Keywords: distributionally robust optimization, linear-quadratic-Gaussian control, linear policies
Abstract: We study a generalization of the classical discrete-time, Linear-Quadratic-Gaussian (LQG) control problem where the noise distributions affecting the states and observations are unknown and chosen adversarially from divergence-based ambiguity sets centered around a known nominal distribution.
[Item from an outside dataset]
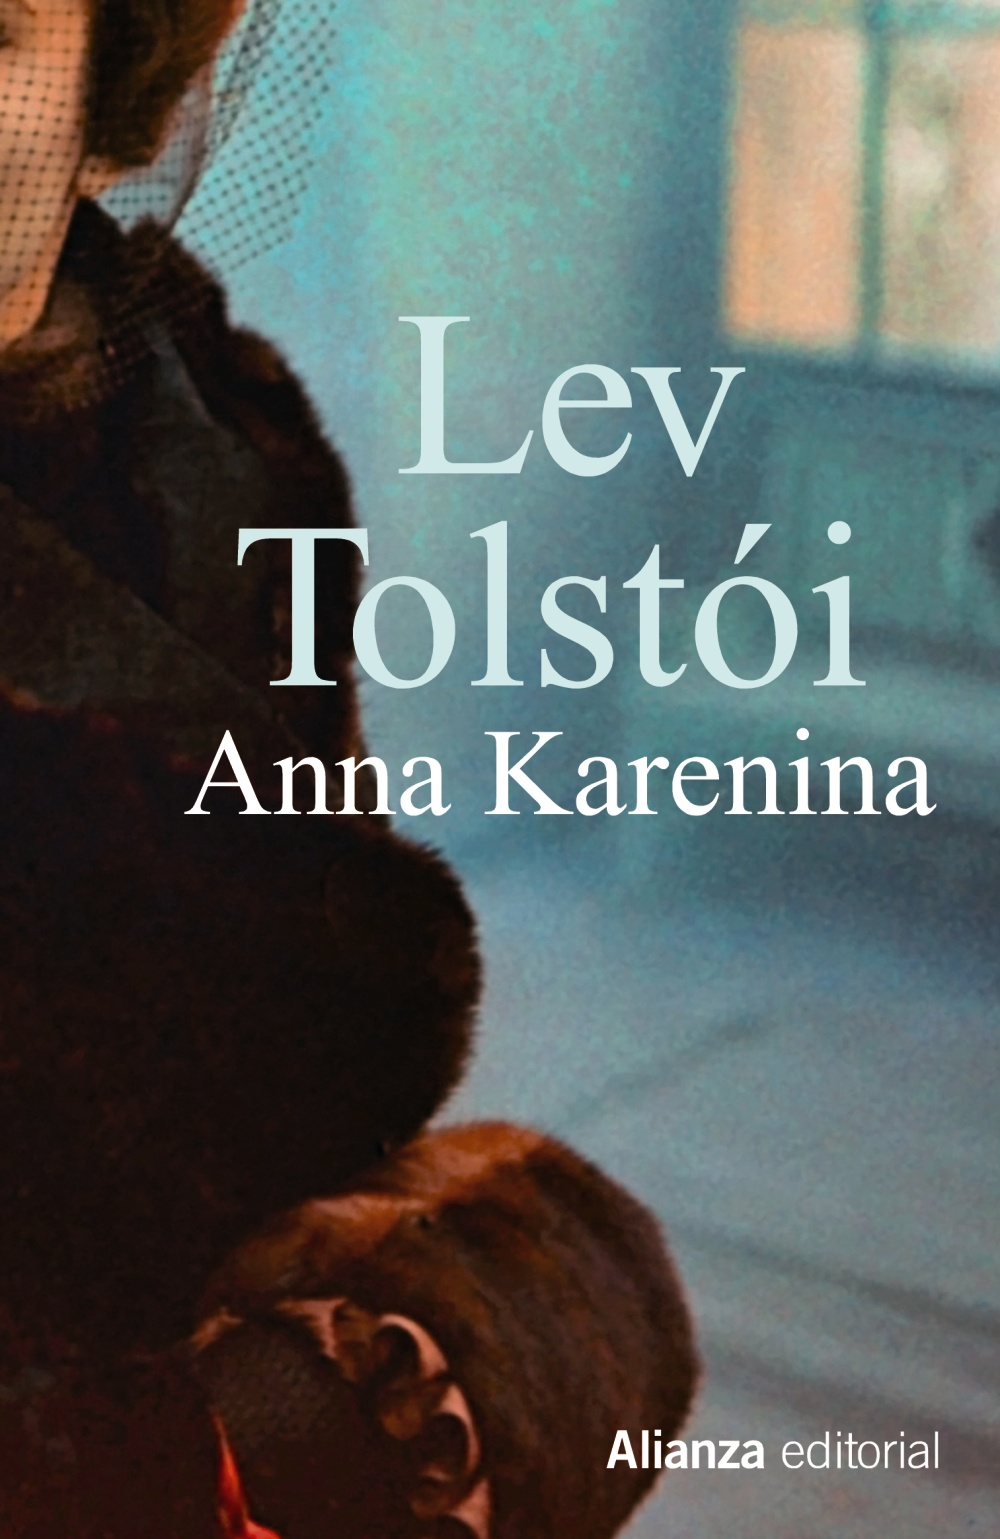 https://labibliotecadebella.blogspot.com/2018/09/resena-anna-karenina-leon-tolstoi.html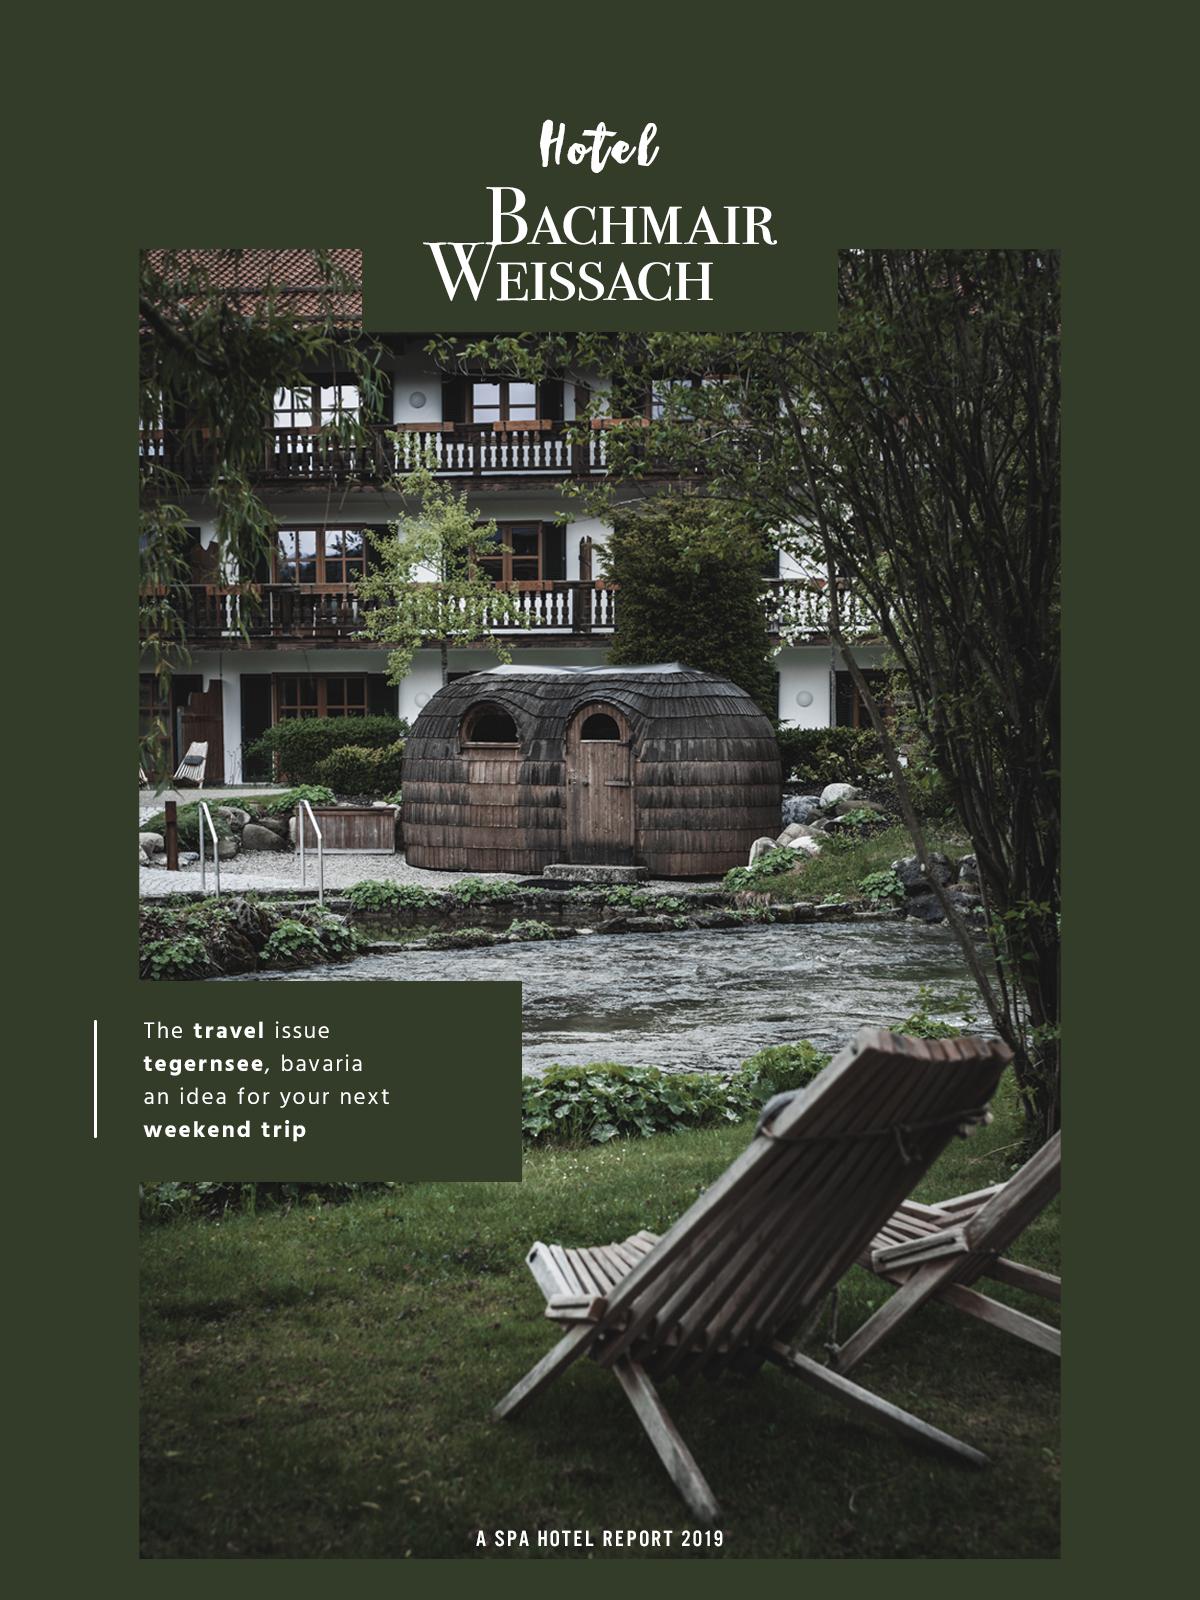 Bachmair Weissach Hotel.jpg

For a finite horizon model with Gaussian nominal noise and a structural assumption on the divergence that is satisfied by many examples -- including 2-Wasserstein distance, Kullback-Leibler divergence, moment-based divergences, entropy-regularized optimal transport, or Fisher (score-matching) divergence -- we prove that a control policy that is \emph{affine} in the observations is optimal and the adversary's corresponding worst-case optimal distribution is Gaussian.
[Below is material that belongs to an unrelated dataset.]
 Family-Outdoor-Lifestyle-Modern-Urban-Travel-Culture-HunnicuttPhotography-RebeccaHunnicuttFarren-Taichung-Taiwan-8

When the nominal means are zero (as in the classical LQG model), we show that the adversary should optimally set the distribution's mean to zero and the optimal control policy becomes \emph{linear}. Moreover, the adversary should optimally ``inflate" the noise by choosing covariance matrices that dominate the nominal covariance in Loewner order. Exploiting these structural properties, we develop a Frank-Wolfe algorithm whose inner step solves standard LQG subproblems via Kalman filtering and dynamic programming and show that the implementation consistently outperforms semidefinite-programming reformulations of the problem. We then extend all structural results to an infinite-horizon, average-cost formulation, where we prove that \emph{stationary} linear policies are optimal for the decision maker and \emph{time-invariant}, Gaussian distributions are optimal for the adversary. Lastly, when the divergence is 2-Wasserstein, we show that the entire framework remains valid is nominal distributions are elliptical rather than Gaussian.